ADAM BOMB @Monsters A-Live, Prato – 03.10.2025
Foto di Marco Belardi
Sul finire degli anni Novanta la città di Prato brulicava di locali che passavano musica metal o ospitavano concerti metal. O entrambe le cose. Come tutte le belle cose, anche quella che vi ho appena descritto è una storiella che ha avuto un suo inizio, uno sviluppo e una fine. Non appena sento che c’è un locale metal a Prato, però, è un po’ come tornare a quegli anni di Siddharta e Keller Platz, Vecchia Guardia e Cencio’s, e, appena più in periferia, ma pur sempre in sua provincia, Back Doors.
Conoscevo il Monsters A-Live solamente di fama, e sapevo che era piccolo e dalle parti di Galceti. Di Adam Bomb avevo invece perso le tracce più o meno nei primi anni Duemila, quando ricevetti due o tre promo di sue uscite discografiche e li spedii a un certo Roberto Villani, il recensore di MetalManiacs incaricato di seguire i guitar hero, il prog e l’AOR, o più in generale, incaricato di scrivere di tutto ciò di cui non avevo la benché minima voglia di scrivere io. Per quel che mi riguardava, Adam Bomb, vent’anni dopo l’ultimo contatto visivo, poteva ora trovarsi in una lussureggiante villa con sterminato giardino nei sobborghi di Seattle, a ridere di quando i Kiss lo scartarono al provino con una piñacolada sul materassino e più escort a bordo piscina che fili d’erba per terra, oppure a rovistare nei cassonetti alla ricerca di qualche buccia di banana da leccare per assumere un briciolo di proteine. Nessuna delle due: ha superato la sessantina, gira con un barboncino bianco e fino a qualche tempo fa superava di gran lunga le duecento date dal vivo all’anno. Senza più pubblicare un disco, tanto poi il Belardi li dirotta tutti ad altra gente.
Ho stimato che all’interno del locale potessero essere ospitate un centinaio di persone, ma l’ho subito trovato molto accogliente, alla maniera del vecchio Circus di Scandicci ma con un bel banco bar. Reduce da una settimana di febbre, che ancora avevo, ho subito attaccato a bere birra e ci hanno intimato di uscire perché il soundcheck doveva essere ultimato: una volta in macchina Adam Bomb è apparso a pochi metri dalla mia Ford, con al guinzaglio quel riccioluto cane bianco che apparirà in ogni angolo del locale per tutta quanta la serata. Tu immagini uno che ha collaborato con Eddie Van Halen e Geoff Tate e poi vedi questo, e non ridimensioni l’hard rock, ridimensioni il mondo. Non pensi più nemmeno alla bolletta da centocinquanta euro che è appena arrivata, perché probabilmente non esiste affatto.
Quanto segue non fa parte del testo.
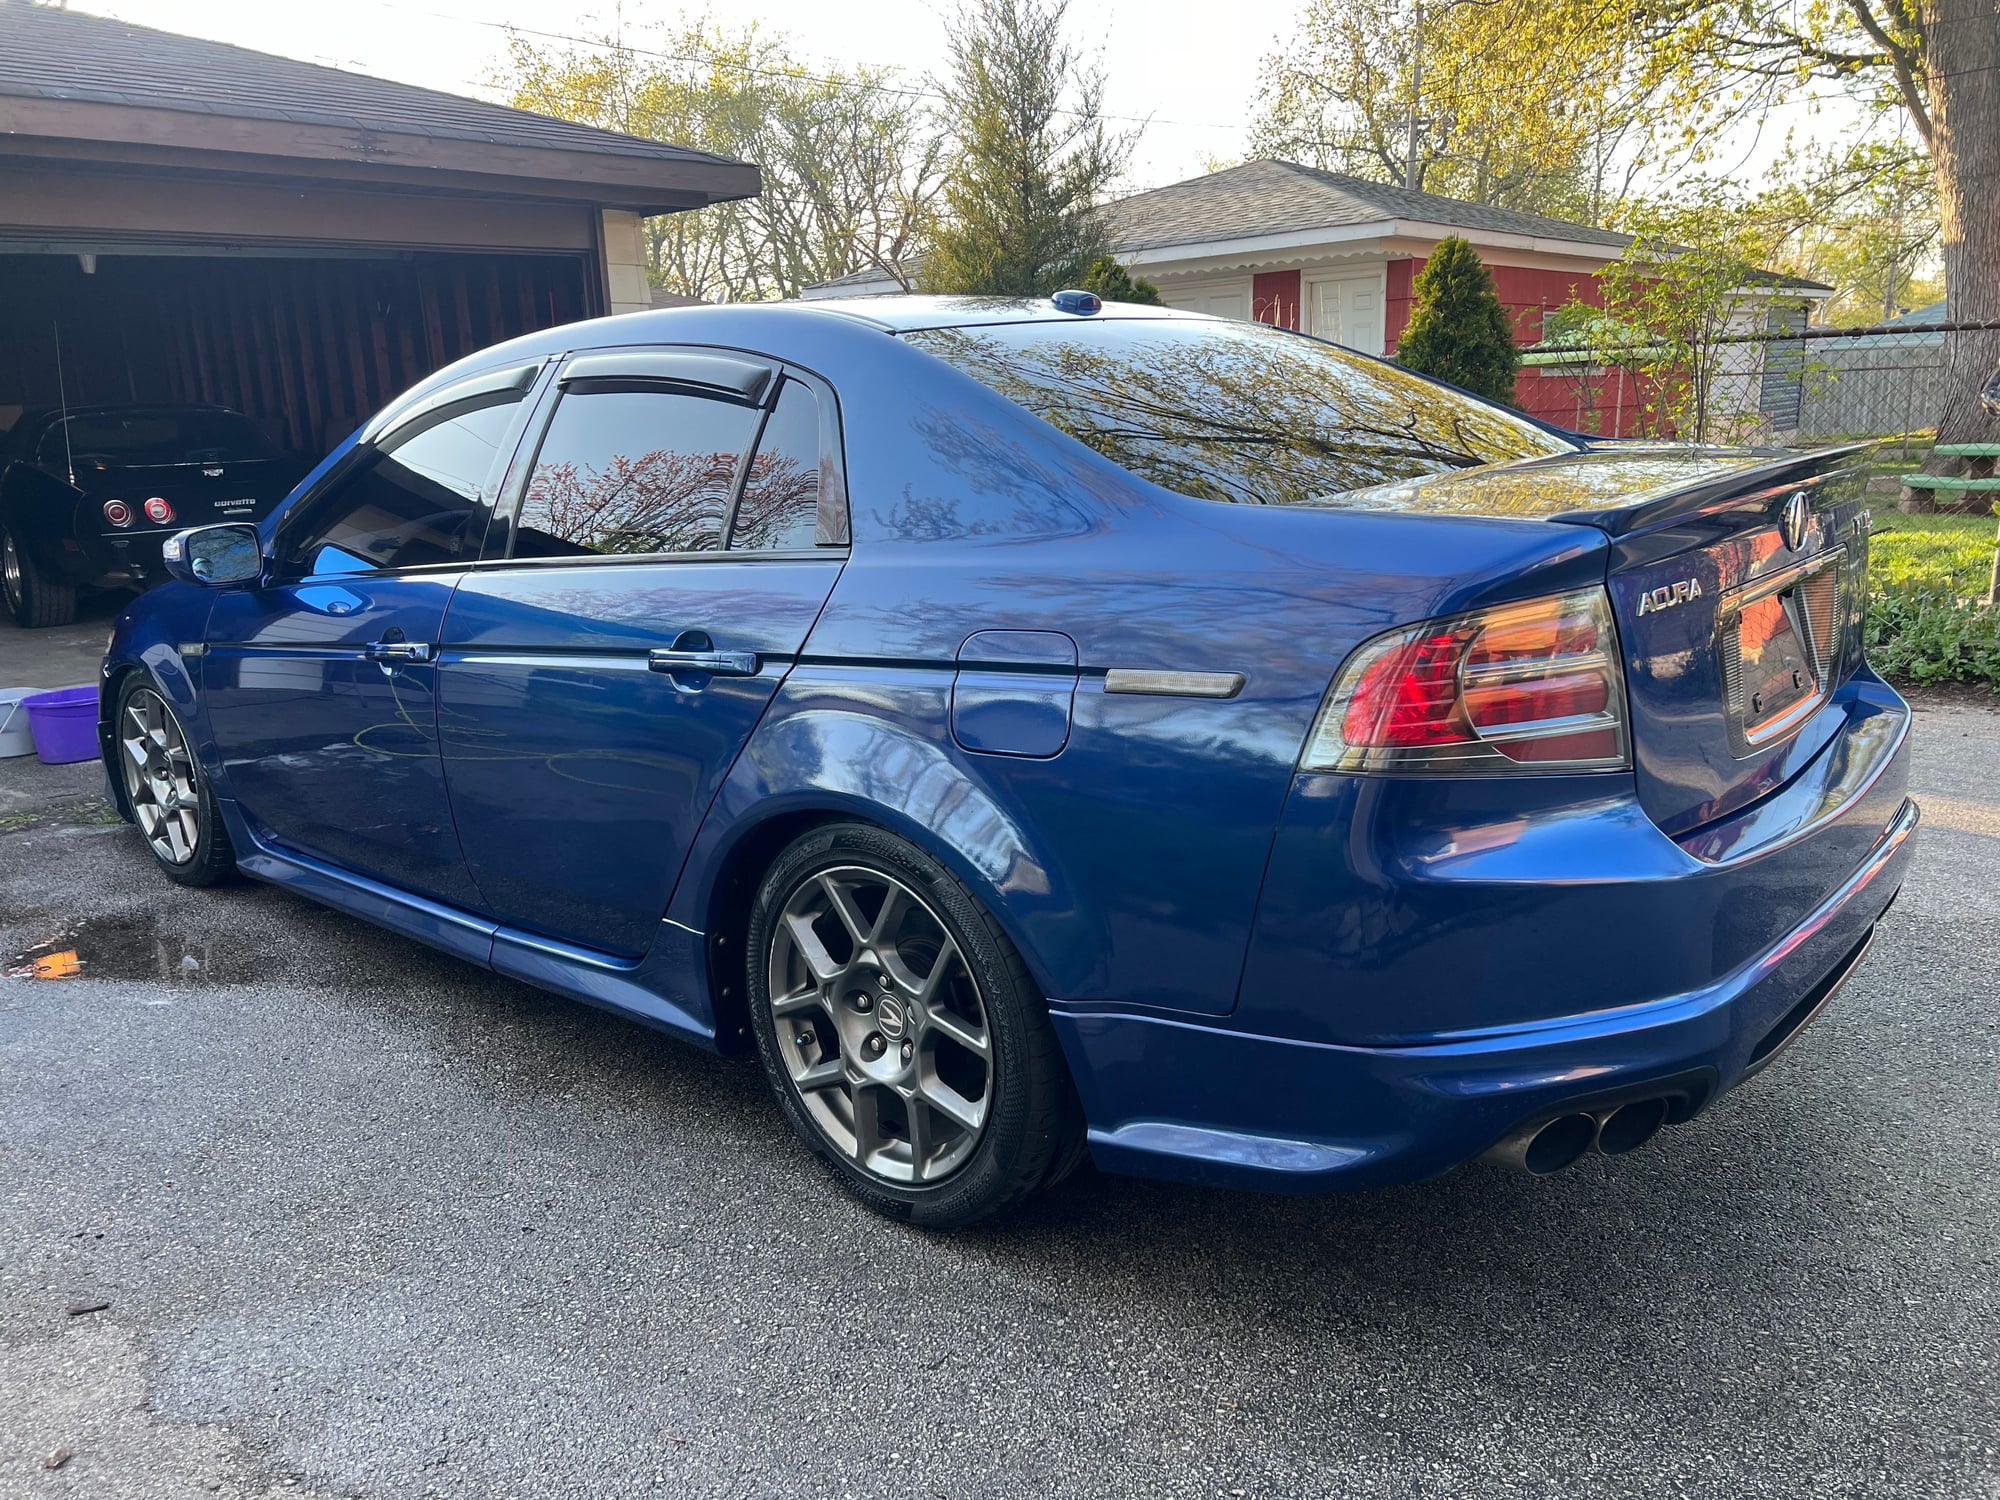 2007 Acura TL - FS: KBP j37 TL Type S - Used - VIN 19UUA76537A000171 - 146,000 Miles - 6 cyl - 2WD - Automatic - Sedan - Blue - Chicago, IL 60617, United States

Il primo gruppo erano gli HELLBLADE, pistoiesi. Un heavy metal con frequenti bordate speed metal che mi ha colpito per i riff e per la forma, un po’ meno per il carisma e la riuscita generale dei pezzi. Tenuta sul palco buona da parte del cantante, in inusuale felpa con cappuccio. Ma chi sono io per dire una cosa del genere, che vado da dieci anni ai concerti metal vestito in maniere che non c’entrano niente: ieri avevo una giacca da alpinismo. Da alpinismo.
I JOLLY ROX sono uno di quei gruppi di cui finisci per sentire parlare per forza. E quindi sei curioso e devi capire se è un’inculata o se ne vale la pena davvero. Ho visto le loro magliette ai concerti; le storie su Instagram apparse sui profili di gente che mai avresti collegato a loro; l’amica fotografa che “li devi vedere assolutamente”. Sono uno scettico per natura, ma un paio di videoclip mi avevano indirizzato nella direzione di crederci e non in quella esattamente opposta. Lo scorso anno, se non vado errando, ero stato vicinissimo a vederli al Borderline a Pisa, ma poi per qualche motivo non andai.
Il concerto che fanno i Jolly Rox è energia pura, suonano un glam rock particolarmente stradaiolo e gli elementi di movimento sono due: Capt Keep, bassista, torso nudo, dieci chilometri percorsi in quaranta minuti su un palco lungo tre metri scarsi, e Joey Zalla, con uno di quei cappelli a metà fra le fake forze dell’ordine e lo stile marinaro che sono ben noti nei film porno, chitarrista e cantante, di cui ho particolarmente apprezzato lo stile canoro vagamente buttato sul punk. Il punk è dietro l’angolo un po’ dappertutto a dire il vero, e nelle cover esce allo scoperto. Suonano un singolo che si chiama The Night Flyer e che spero sia un rimando al favoloso film con Miguel Ferrer. Il punto di forza è che, oltre ad avere dei pezzi che funzionano dal vivo, fanno queste gag che non permettono un qualsiasi calo d’attenzione da parte del pubblico. Fonti certe mi avevano informato che la data di Rho del giorno precedente era stata un mezzo flop, con un pubblico scarseggiante e impalato: non ero a Rho e non intendo metterci piede finché non mi costringeranno con una pistola Luger Parabellum puntata alla tempia, ma credo di poter affermare che a Prato è andata meglio.
Nel frattempo il cane bianco di Adam Bomb si aggirava indisturbato nell’area a metà fra le bancarelle del merchandising e l’ingresso ai cessi.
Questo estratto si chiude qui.